With novel number three, Julia Glass has found a permanent place on my book-case. It’s not top shelf, but it’s close, and it’s certainly not bottom. That’s reserved for the Ginger’s gardening books and guides for places we’re never going.
In the novel I See You Everywhere, Julia paints a double portrait of sisters Louisa and Clem Jardine, starting in 1980 and finishing in 2005. Louisa is the older sister. She’s more conventional, more careful, although still drifting slightly off-course in the eventual direction of marriage and motherhood. Clem is the wild young rebel, irresistible to men about whom she doesn’t care to commit and following her nose in search of the best wildlife biologist gig and the biggest adrenalin rush. She would be quite annoying to have as a younger sister if you ask me, although she’s not doing it on purpose, she’s just made that way.
I guess the fact is that these two girls/women who share the exact same bloodlines don’t necessarily share much else. Pivotal moments in their lives bring them together over the years under Julia Glass’ expert guidance so the reader catches snapshots of who’s doing what to whom and how often. I like this device because it covers a huge amount of ground and allows the reader to see from a distance exactly how the small picture becomes the big picture.

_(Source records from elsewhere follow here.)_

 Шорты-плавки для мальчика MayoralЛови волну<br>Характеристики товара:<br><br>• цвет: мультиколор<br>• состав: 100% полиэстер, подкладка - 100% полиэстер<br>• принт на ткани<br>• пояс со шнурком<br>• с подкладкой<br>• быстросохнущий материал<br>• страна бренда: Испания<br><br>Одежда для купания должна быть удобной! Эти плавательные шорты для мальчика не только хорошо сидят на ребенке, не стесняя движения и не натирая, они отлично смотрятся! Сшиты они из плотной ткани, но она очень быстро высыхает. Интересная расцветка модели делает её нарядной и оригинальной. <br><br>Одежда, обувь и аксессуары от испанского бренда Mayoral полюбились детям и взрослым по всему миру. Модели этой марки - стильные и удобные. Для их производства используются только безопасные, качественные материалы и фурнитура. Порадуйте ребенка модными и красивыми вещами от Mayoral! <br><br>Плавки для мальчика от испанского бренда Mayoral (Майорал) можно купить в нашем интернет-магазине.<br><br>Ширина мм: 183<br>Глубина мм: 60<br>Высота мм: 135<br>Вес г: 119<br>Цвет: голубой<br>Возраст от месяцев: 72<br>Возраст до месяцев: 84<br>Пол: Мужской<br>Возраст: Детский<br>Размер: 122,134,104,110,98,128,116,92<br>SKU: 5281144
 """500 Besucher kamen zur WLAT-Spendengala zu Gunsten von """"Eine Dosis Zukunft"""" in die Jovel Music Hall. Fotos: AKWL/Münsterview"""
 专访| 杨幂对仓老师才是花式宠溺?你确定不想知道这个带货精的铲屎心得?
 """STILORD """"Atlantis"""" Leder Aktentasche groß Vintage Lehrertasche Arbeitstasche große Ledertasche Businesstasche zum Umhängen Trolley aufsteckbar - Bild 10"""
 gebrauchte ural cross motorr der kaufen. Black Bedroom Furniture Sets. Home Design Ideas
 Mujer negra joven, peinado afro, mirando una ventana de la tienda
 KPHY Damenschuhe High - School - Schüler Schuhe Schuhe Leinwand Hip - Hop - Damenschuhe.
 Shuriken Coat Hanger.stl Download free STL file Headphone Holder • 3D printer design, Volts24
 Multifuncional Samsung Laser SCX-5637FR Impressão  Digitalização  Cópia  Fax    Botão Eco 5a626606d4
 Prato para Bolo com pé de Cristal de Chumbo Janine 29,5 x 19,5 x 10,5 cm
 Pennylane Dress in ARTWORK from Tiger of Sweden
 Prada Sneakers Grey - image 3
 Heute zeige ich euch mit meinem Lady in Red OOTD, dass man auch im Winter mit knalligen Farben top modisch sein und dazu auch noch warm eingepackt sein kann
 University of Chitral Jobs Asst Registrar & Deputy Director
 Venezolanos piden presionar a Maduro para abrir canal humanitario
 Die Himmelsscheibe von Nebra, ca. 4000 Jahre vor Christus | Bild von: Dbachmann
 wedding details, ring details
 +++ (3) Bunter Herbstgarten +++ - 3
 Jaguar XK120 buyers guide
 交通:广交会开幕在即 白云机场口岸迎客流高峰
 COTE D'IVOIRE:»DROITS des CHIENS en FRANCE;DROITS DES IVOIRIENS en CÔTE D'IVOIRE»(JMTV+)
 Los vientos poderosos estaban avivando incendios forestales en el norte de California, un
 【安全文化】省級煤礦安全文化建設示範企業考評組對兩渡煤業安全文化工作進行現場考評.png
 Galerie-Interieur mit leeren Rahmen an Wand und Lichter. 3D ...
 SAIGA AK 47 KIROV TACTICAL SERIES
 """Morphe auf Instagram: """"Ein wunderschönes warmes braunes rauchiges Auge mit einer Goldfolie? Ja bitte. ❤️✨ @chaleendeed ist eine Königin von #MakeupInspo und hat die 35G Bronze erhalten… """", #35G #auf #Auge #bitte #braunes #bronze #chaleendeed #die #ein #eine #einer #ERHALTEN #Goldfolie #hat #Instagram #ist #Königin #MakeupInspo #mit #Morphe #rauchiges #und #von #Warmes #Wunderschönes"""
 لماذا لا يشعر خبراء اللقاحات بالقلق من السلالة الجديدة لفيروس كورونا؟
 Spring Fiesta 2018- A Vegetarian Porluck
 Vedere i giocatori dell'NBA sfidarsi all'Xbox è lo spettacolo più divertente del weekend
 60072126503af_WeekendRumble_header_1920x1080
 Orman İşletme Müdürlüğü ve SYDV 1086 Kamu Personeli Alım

What I struggled with at first, however, was knowing which sister was speaking to me. Louisa and Clem take turns at narrating and because they’re not doing it in separate chapters, it’s sometimes a little hard to follow. But, if you love books that shine a light on complicated family relationships, it is worth persevering over this hump because the end result is truly satisfying, among other things.
Turns out a lot of the pivotal moments are based on similar true incidents from Julia Glass’ own life, which no doubt accounts for such an up-close-and-personal account of sisterhood, in all its wonderful, terrible, heartbreaking glory.